日常~前半を終えて~
——基本球技《インターセプト》!!
僕は二人の中間に達したボールを受けとるや《ドリブル》して、反撃とばかりに敵陣の深くへ走り抜ける。必然的にキャプテンが行く手を阻んできた。基本球技《ステップ》で突破してみせようと、右足に力を込めてえ跳ぶ。風になるんだ。
「うおっ!?」
人垣を抜けたと思うや弾力のある何かにぶつかって、尻餅を着いてしまった。視線の先にはラグビー選手を思わせる体つきの先輩が立っていて、足底にはボールが止められている。
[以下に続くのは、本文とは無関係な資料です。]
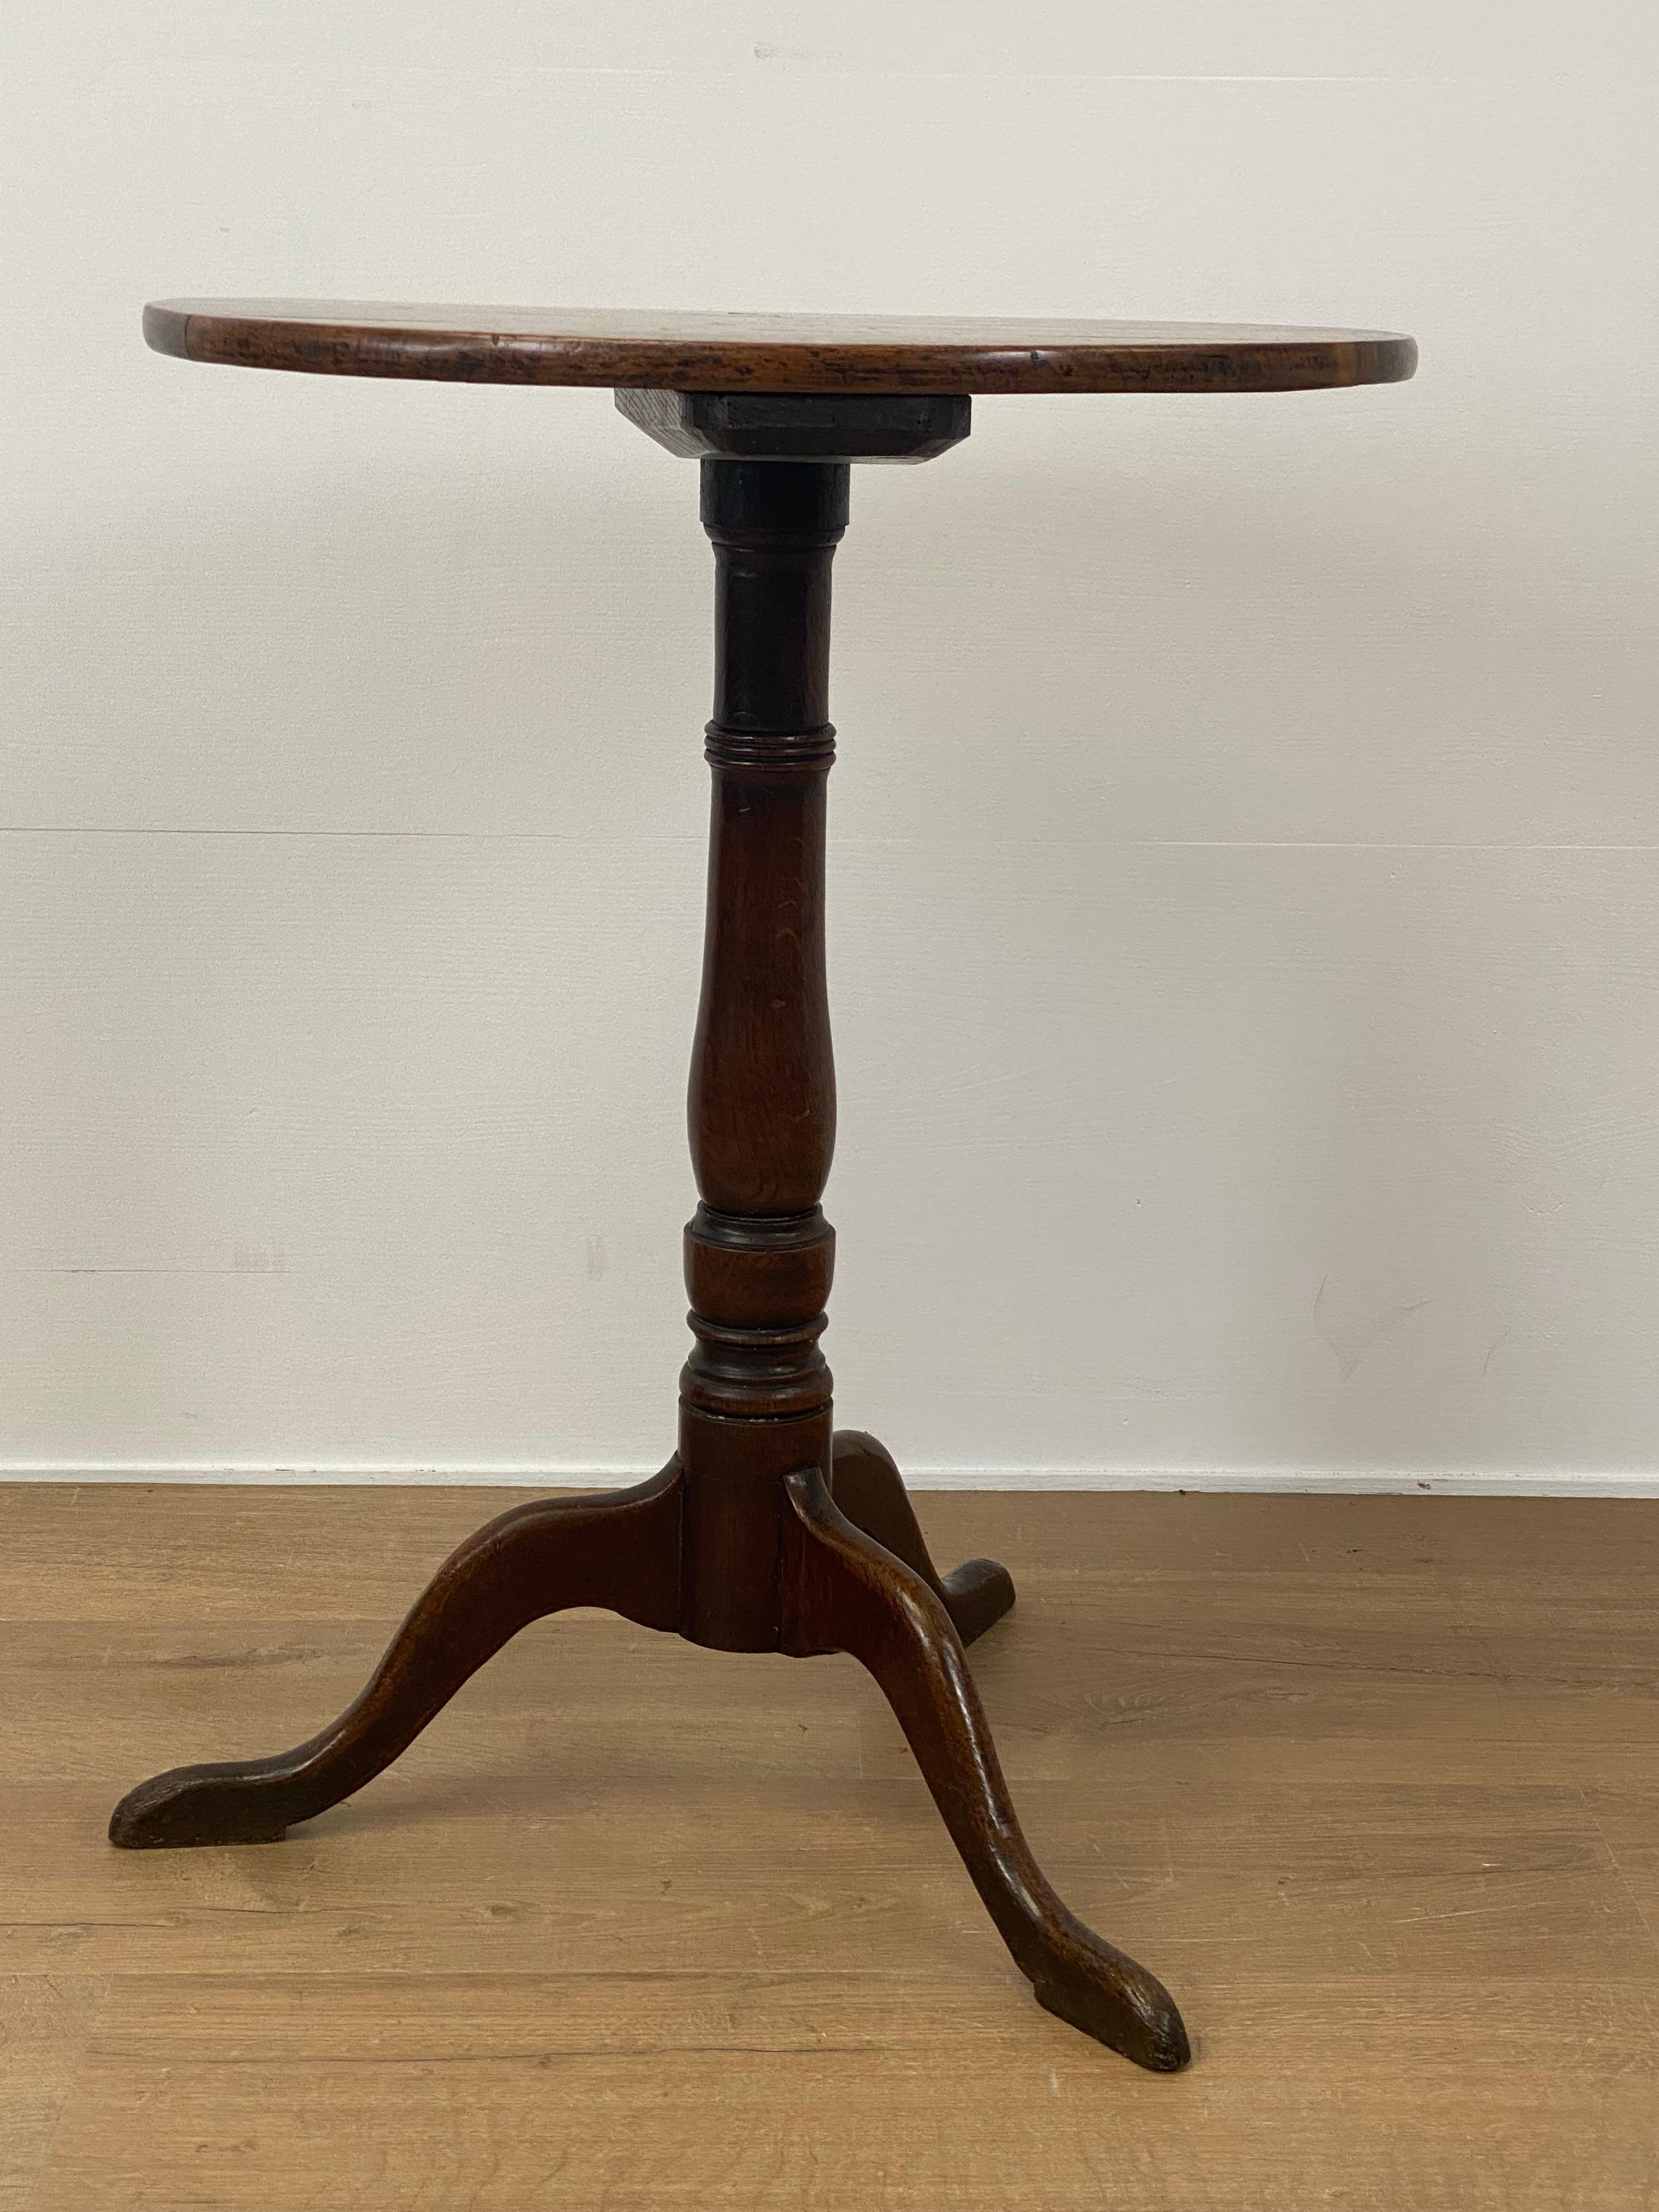 Antique, English Tripod Table in Oak In Excellent Condition For Sale In Schellebelle, BE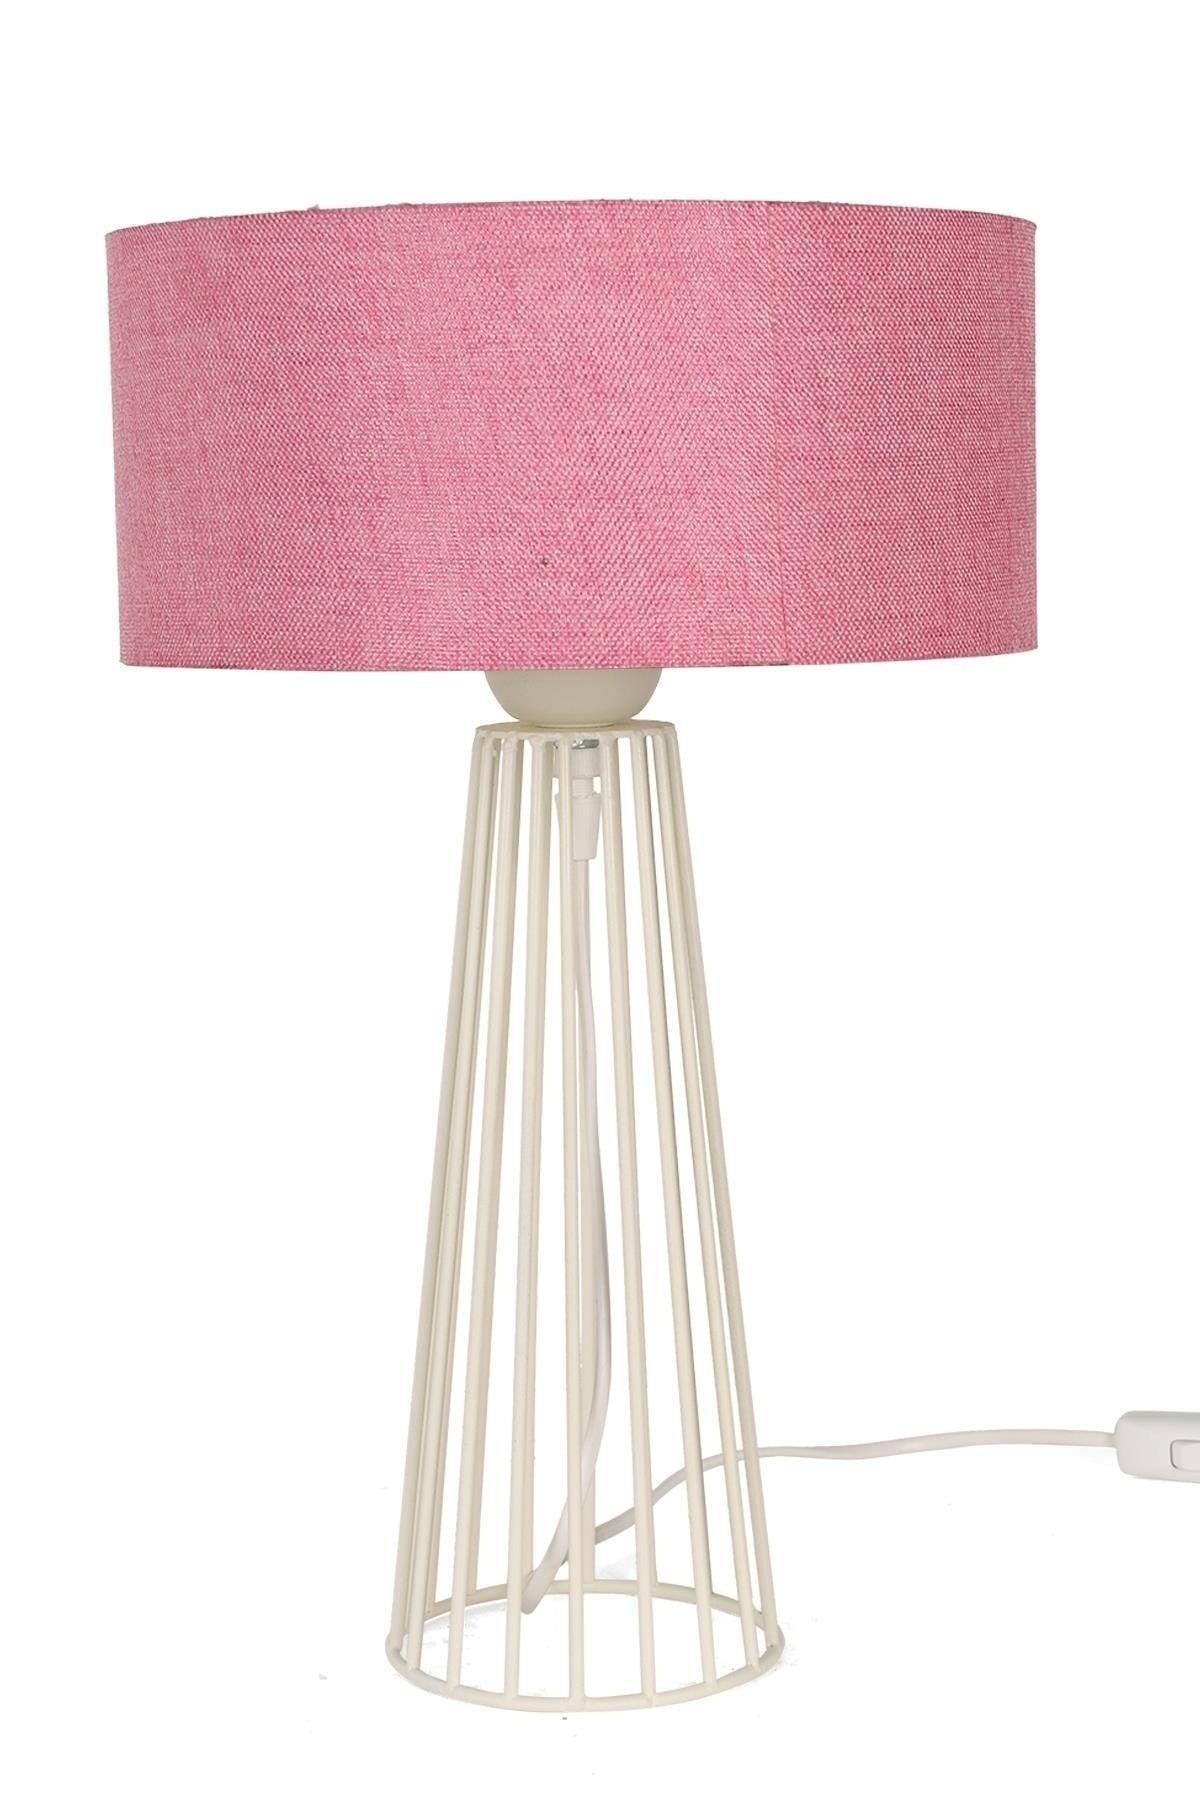 Philippine Table Lamp White Pink Hat - Swordslife

直ぐ様と奪いに動くも間に合わず。
「そこにいろ!!」
「え!?」
待機をリーダーに命令されて思わず叫んでしまった。困惑しつつも足を止めて、状況を見守る。味方のDFと横並びに立ったと思うや、三人は偉そうに腕を組んだ。基本球技《パーティション》は二人以上による仕切りをゴール前にすることで、隙間の無さは正面から突き破らせない。強引な《タックル》は危険だと下されて、処罰を科されるを思えば難しい。
——繋げ、早く。
見事奪取するを遠くから見たこと、中級球術《ハイスピード》が発動された。最前線で待ち構える黄色の五番は熱血な先輩にへと、高速の《パス》で回してゆく。加速させ渡ったボールの勢いを殺さずと、炸裂に笑みする。
——逃げてしまっては……。
得点される一方だよなと、胸中で思う。一つでも技を持っているなら極めることべきだろうと、宝の持ち腐れにしてほしくないんだ。
「前半戦はここまで、休憩に入ってください!」
審判役の女子マネージャーは笛を吹くや大きな声で、日陰に入るよう促した。相手のGKこと自分の同年の子と話すならば今だって、思い立ち歩み寄る。
「どうした?」
「なにが、さ」
「一度も止められていないけど?」
「…………」
「練習だし、無理すんなよ」
「ああ」
「分かっていることだろうしね」
「もちろん」
親しからぬ理由は異なる学級だからで、部活の時にコミュニケーションをするも盛り上がることはそんなにあらぬ。無口さに対する関わり方を学ばせてもらいつつ、今日までチームのために努力を共にしてきた戦友と僕は認めている。
「根宮ぁ、早く来いー」
「すみません、すぐにっ!」
先輩リーダーに呼ばれて慌ただしく励ますや黄色の群がりへと駆け足した。人垣を掻き分けて前に出ると、後半の作戦に配置を指示していた。
「リベロはなんだったかな?」
「攻撃と防衛を担うポジションです」
「全体を見て動かねばならないのは?」
「ごめんなさい……」
「自由にも責任はあると覚えておくこと」
前半戦は攻撃して活躍する思いが強すぎてしまった。天才的な能力があっても独善的な行動は勝利を齎さない。反省して気持ちを切り替える。